- Opening Delimiter -

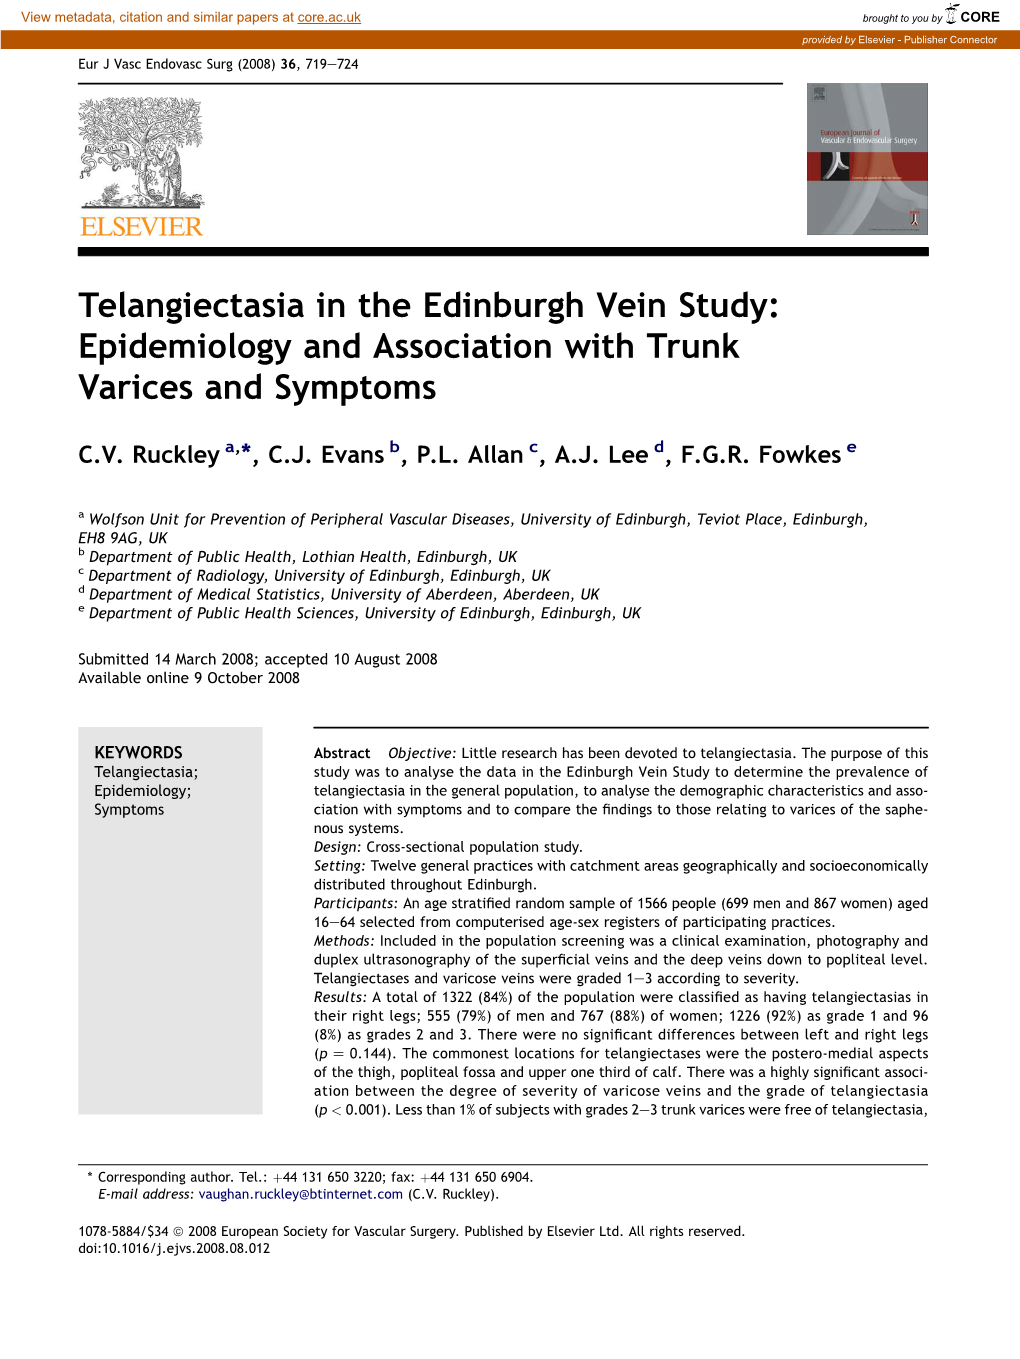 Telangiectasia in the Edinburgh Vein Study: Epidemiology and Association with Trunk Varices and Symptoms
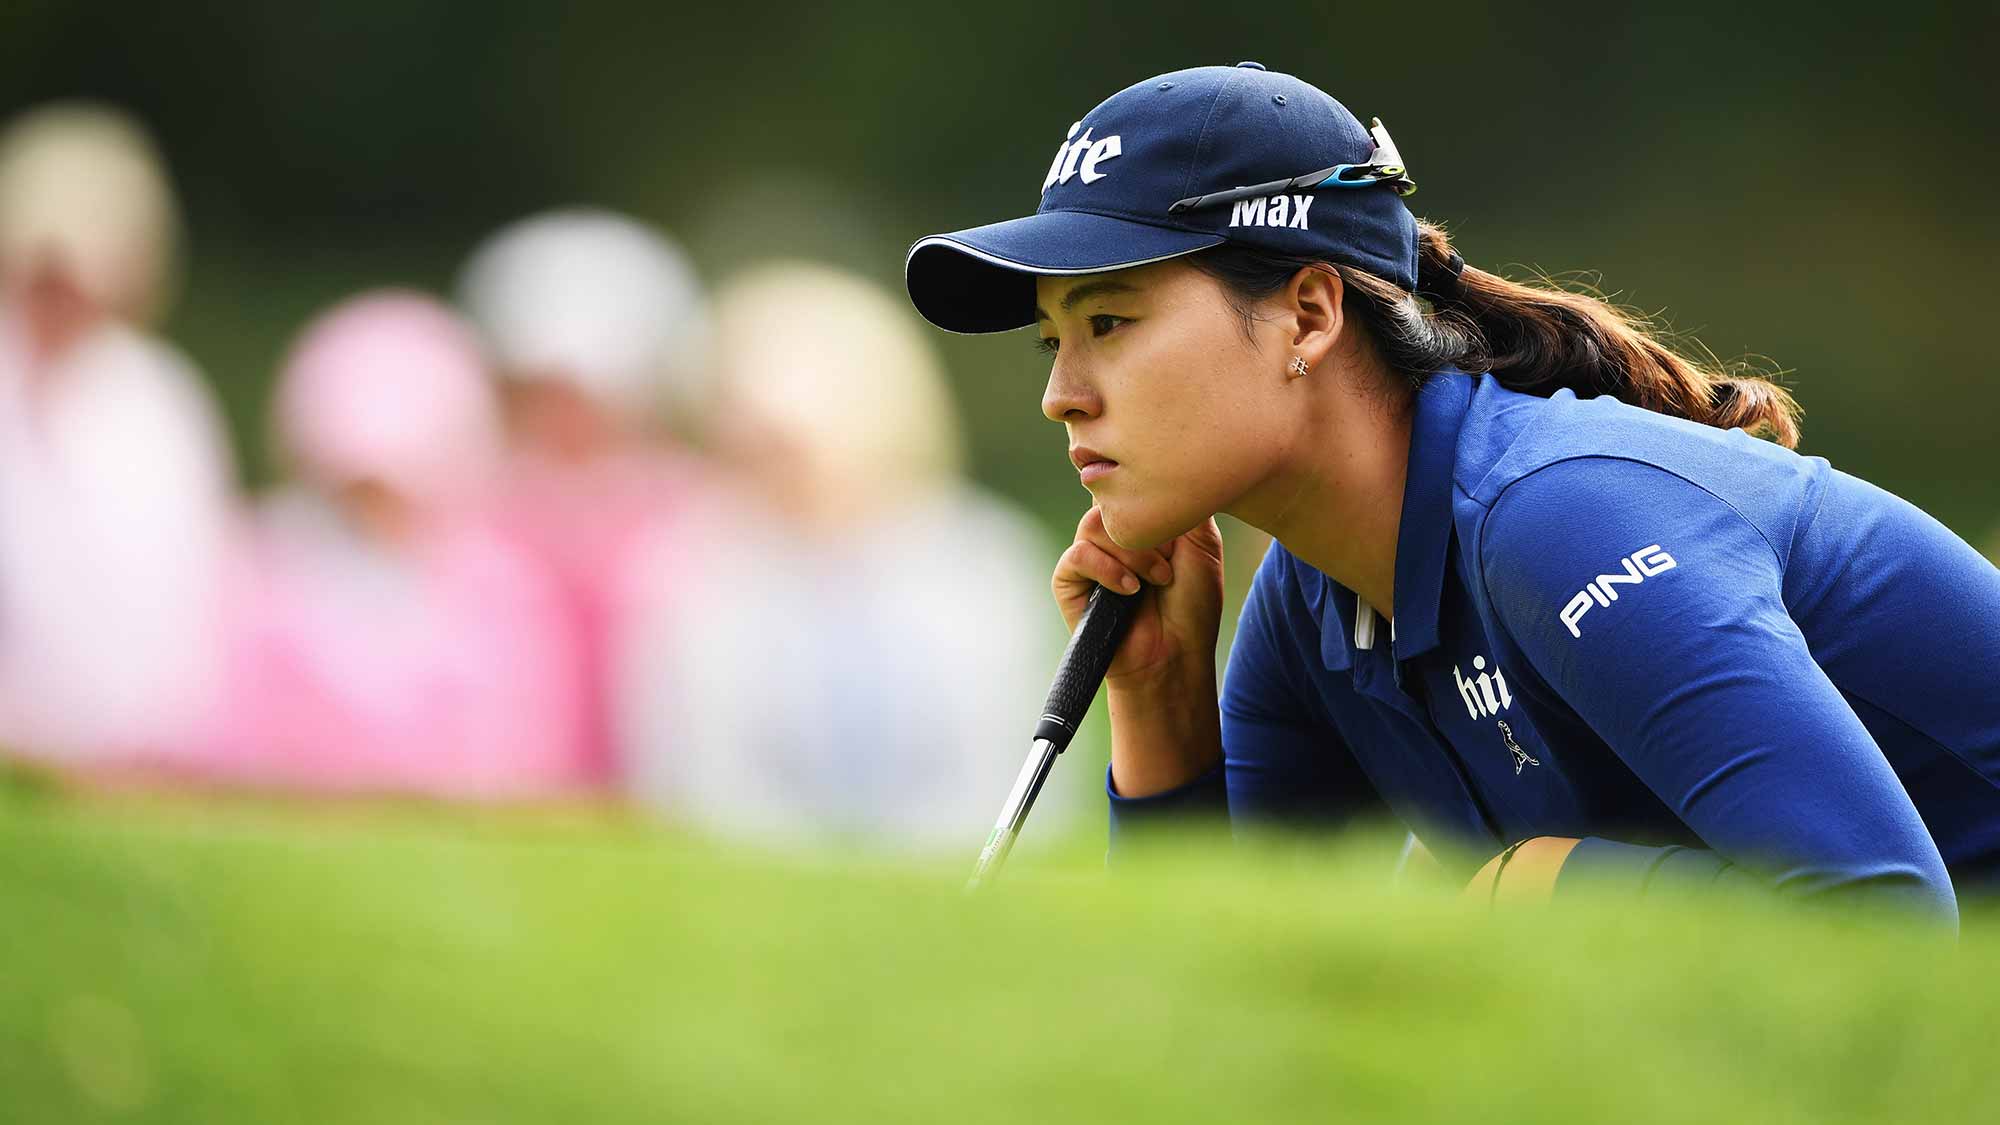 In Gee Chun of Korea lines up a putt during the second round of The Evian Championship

- Closing Delimiter -
- Opening Delimiter -

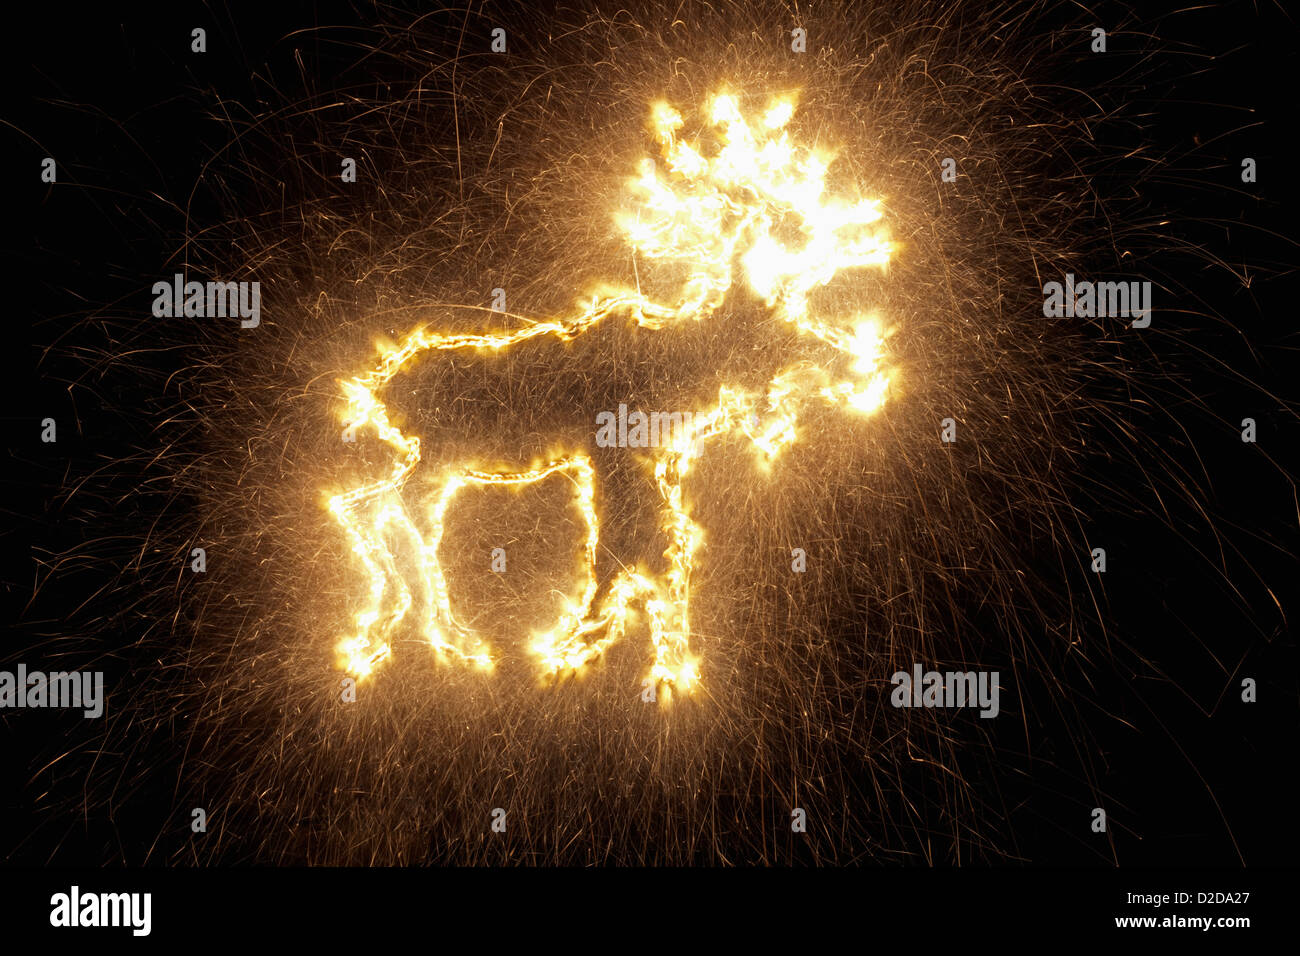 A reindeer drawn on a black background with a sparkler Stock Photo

- Closing Delimiter -
- Opening Delimiter -

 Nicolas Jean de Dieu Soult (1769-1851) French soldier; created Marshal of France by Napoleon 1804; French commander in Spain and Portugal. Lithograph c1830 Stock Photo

- Closing Delimiter -

» EXERCISE OBJECTIVE
Working from the entries above, please transcribe only the lines from the line with "Telangiectasia in the" through the line with "In Gee Chun", exactly, with both end lines and without pictures.

» WRITTEN RESPONSE
 Telangiectasia in the Edinburgh Vein Study: Epidemiology and Association with Trunk Varices and Symptoms
 In Gee Chun of Korea lines up a putt during the second round of The Evian Championship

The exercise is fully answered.